BEGIN

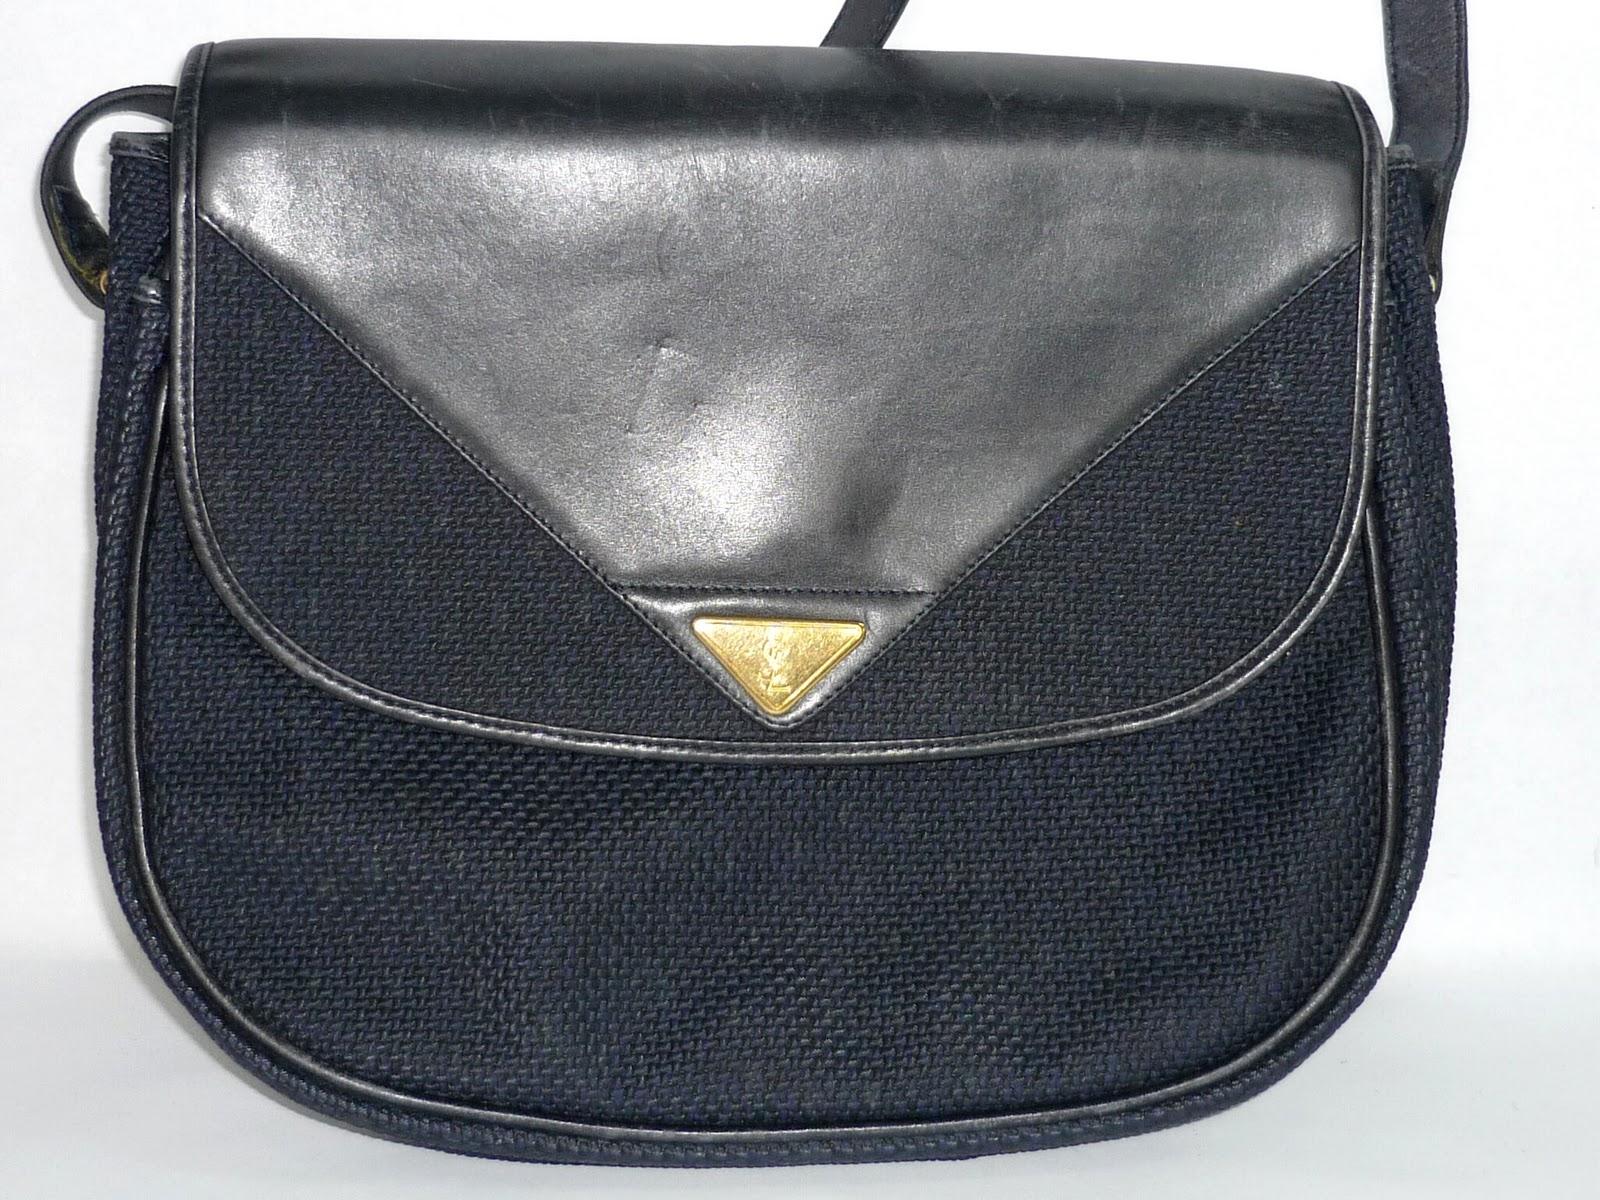 Rchybundle Vintage Ysl Massenger Sling Leather Bag
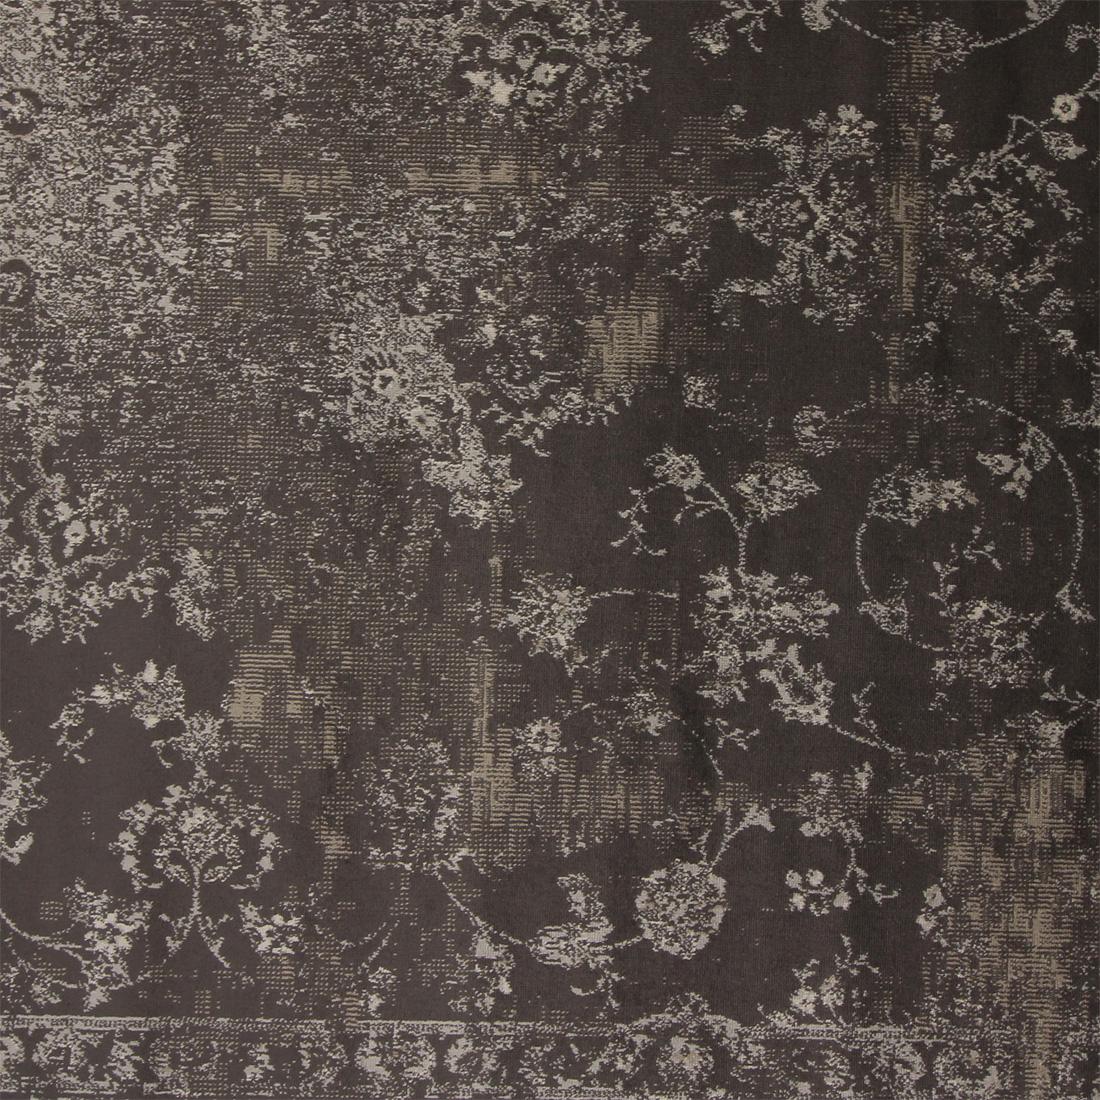 Vloerkleed Xilento Vintage Viscose Grey | 160 x 230 cm
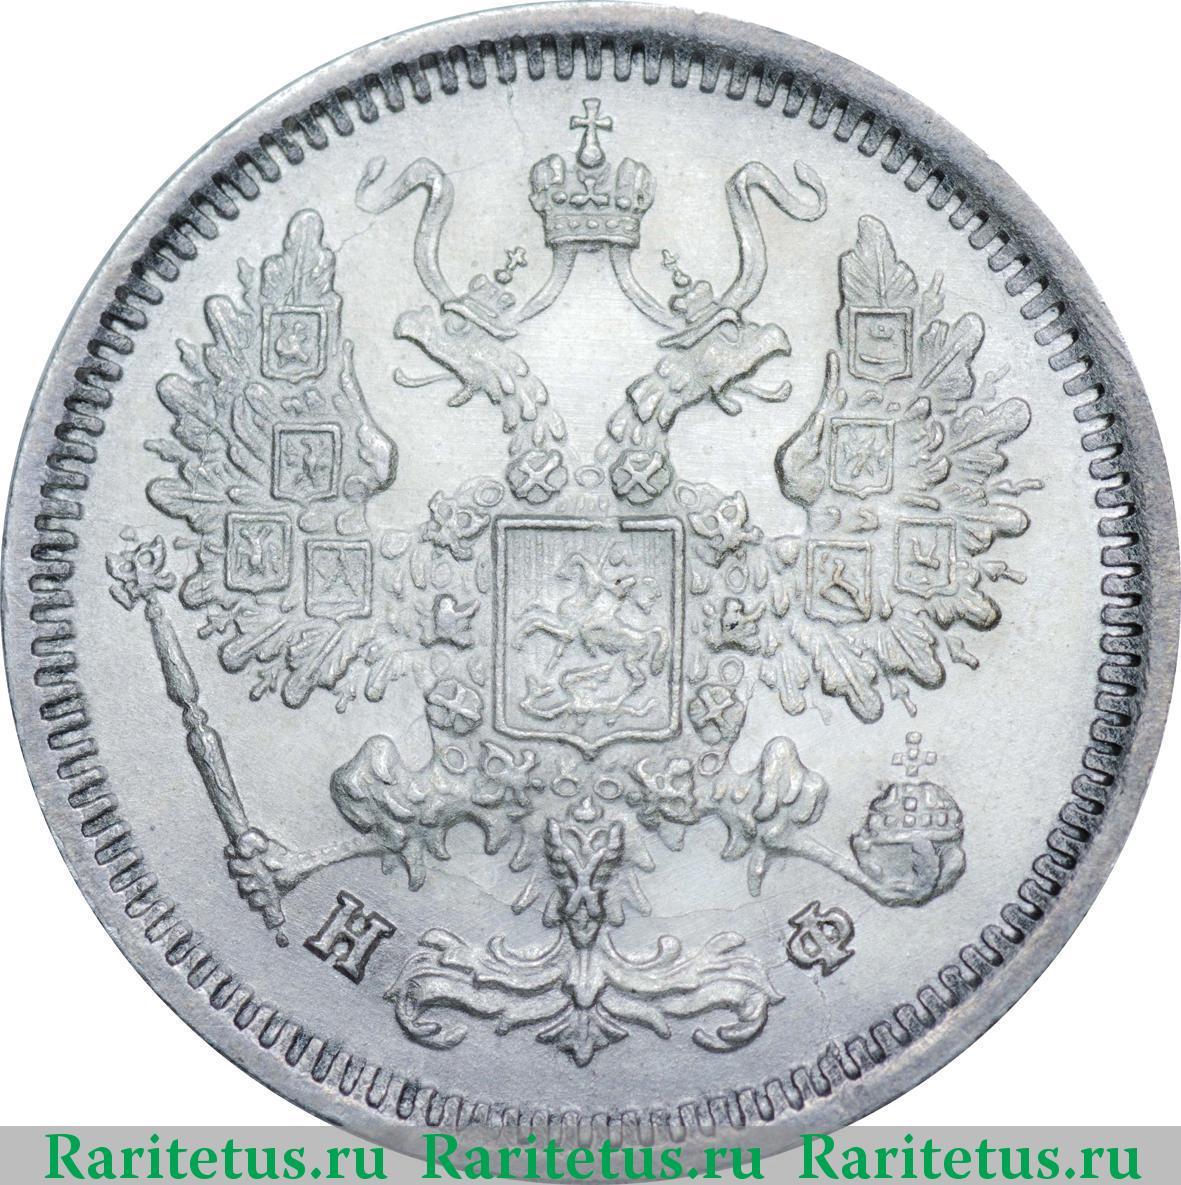 10 копеек 1878 года цена пять копеек 1837 года цена

END

EXERCISE BRIEF:
Starting at the line that contains "Vloerkleed Xilento Vintage", retype each line through the end of the data exactly, and leave out every picture.

OUTPUT:
 Vloerkleed Xilento Vintage Viscose Grey | 160 x 230 cm
 10 копеек 1878 года цена пять копеек 1837 года цена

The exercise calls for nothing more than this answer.